# Why These Tegra Exclusives Suck



## Larry94 (Oct 21, 2011)

Hello! I am a proud HP TouchPad owner and what the CM Team has done with this device is truly amazing. With minor tweaking 95% of Android games can be run very well on the device.

Recently though, more games are becoming difficult to run due the games being "Tegra Optimized". Causing them to be unavailable to thousands of capable devices.

For example, N.O.V.A 3 has Tegra optimizations including, Depth of Field, Smoke effects, and Fire effects. With some tweaking thanks to Chainfire 3D these effects can be enabled on your device by enabling the Nvidia plugin in CF3D. Here are the results.

Without Chainfire 3D:










With Chainfire 3D:



Spoiler

















Spoiler

















Spoiler















Kind of ridiculous eh? (Note that cinematics sometimes don't show and instead just a flickering black screen due to the poor optimization)

Developers need to realize that they could offer a much better experience to many more users by taking advantage of not only Tegra Devices, but also devices with Mali, Adreno, and PowerVR GPU's.

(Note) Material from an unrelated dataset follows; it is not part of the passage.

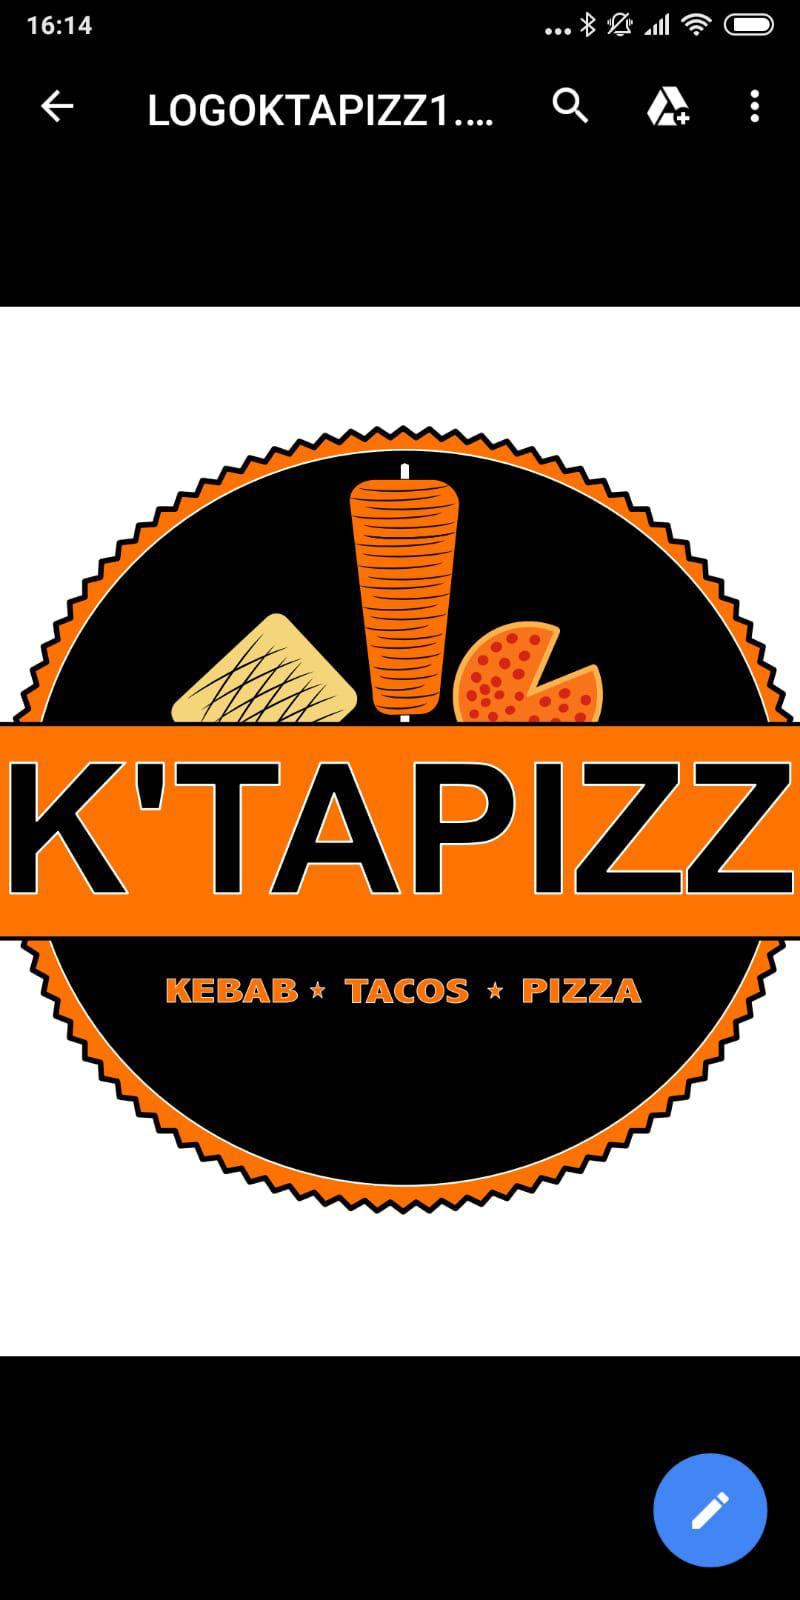 K'tapiz restaurant
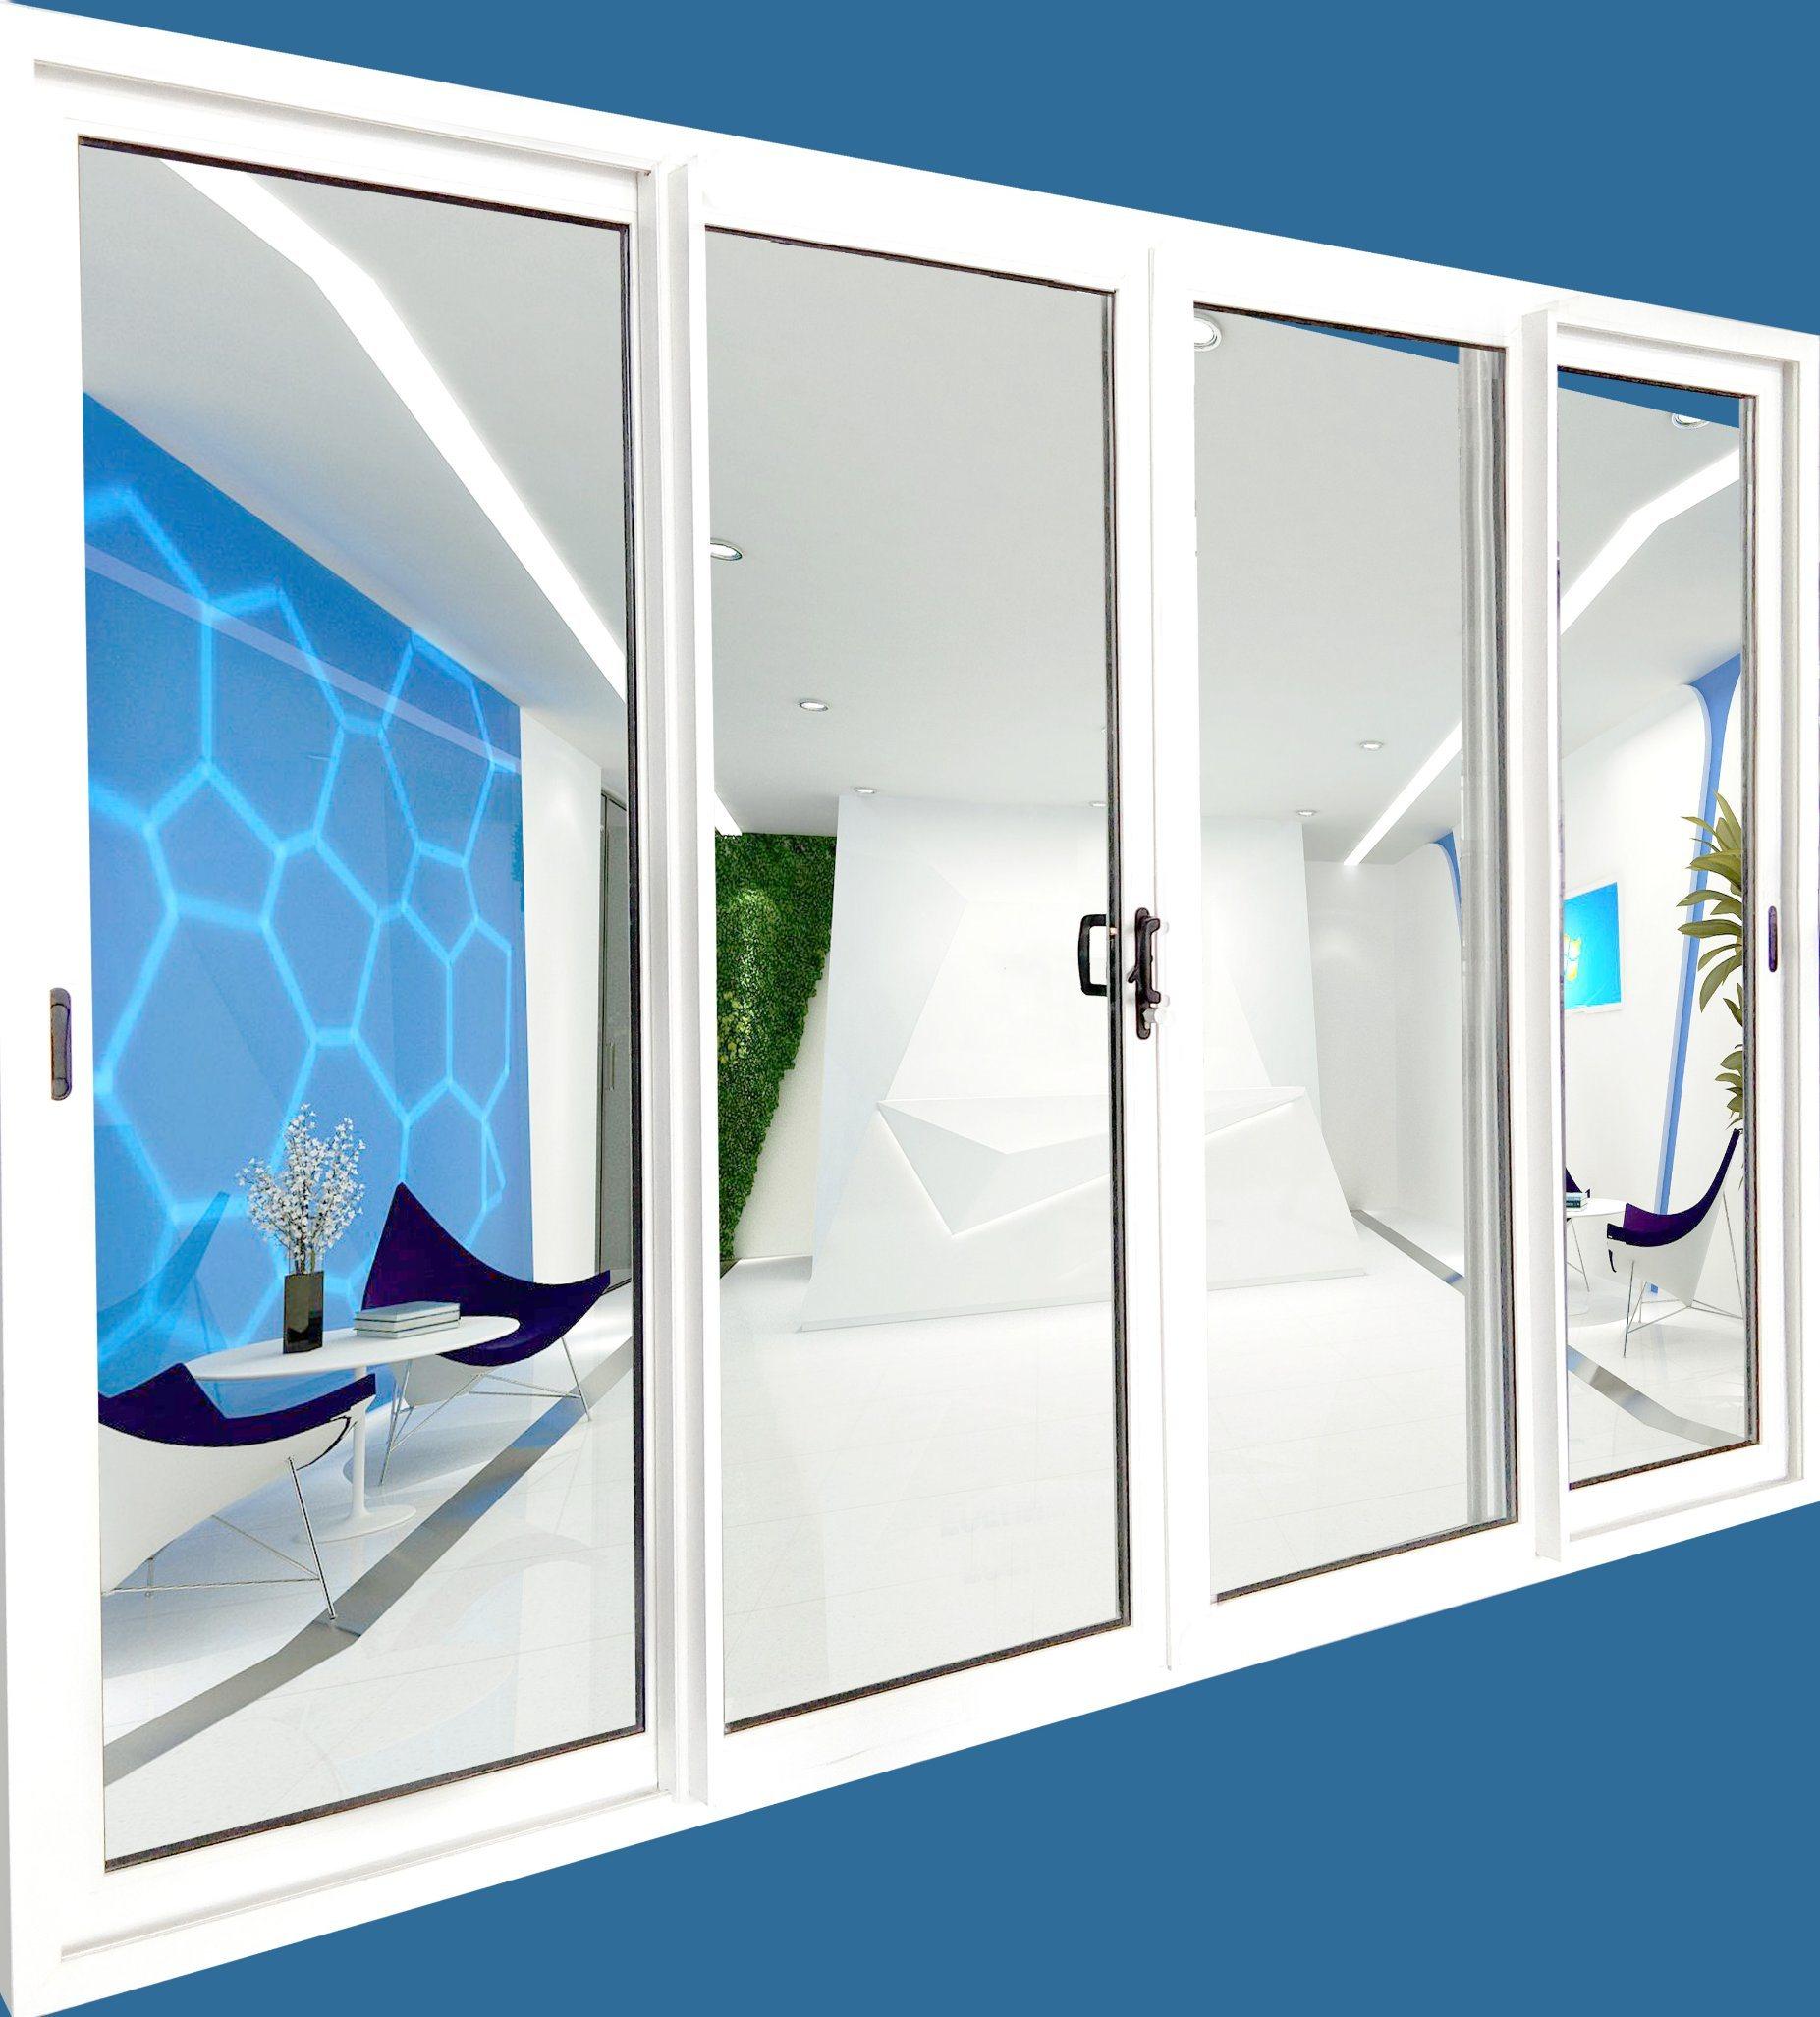 china door window plastic inserts air

What do you think about this?


----------



## MissionImprobable (Feb 12, 2012)

Pretty sure NVidia is paying them big bucks to optimize the games for their chipset.


----------



## yarly (Jun 22, 2011)

MissionImprobable said:


> Pretty sure NVidia is paying them big bucks to optimize the games for their chipset.


Yeah they generally are. It's a pain in the ass to go out of your way to do all that without some worth while incentive. Tegra is not exactly a big marketshare of the Android market either.


----------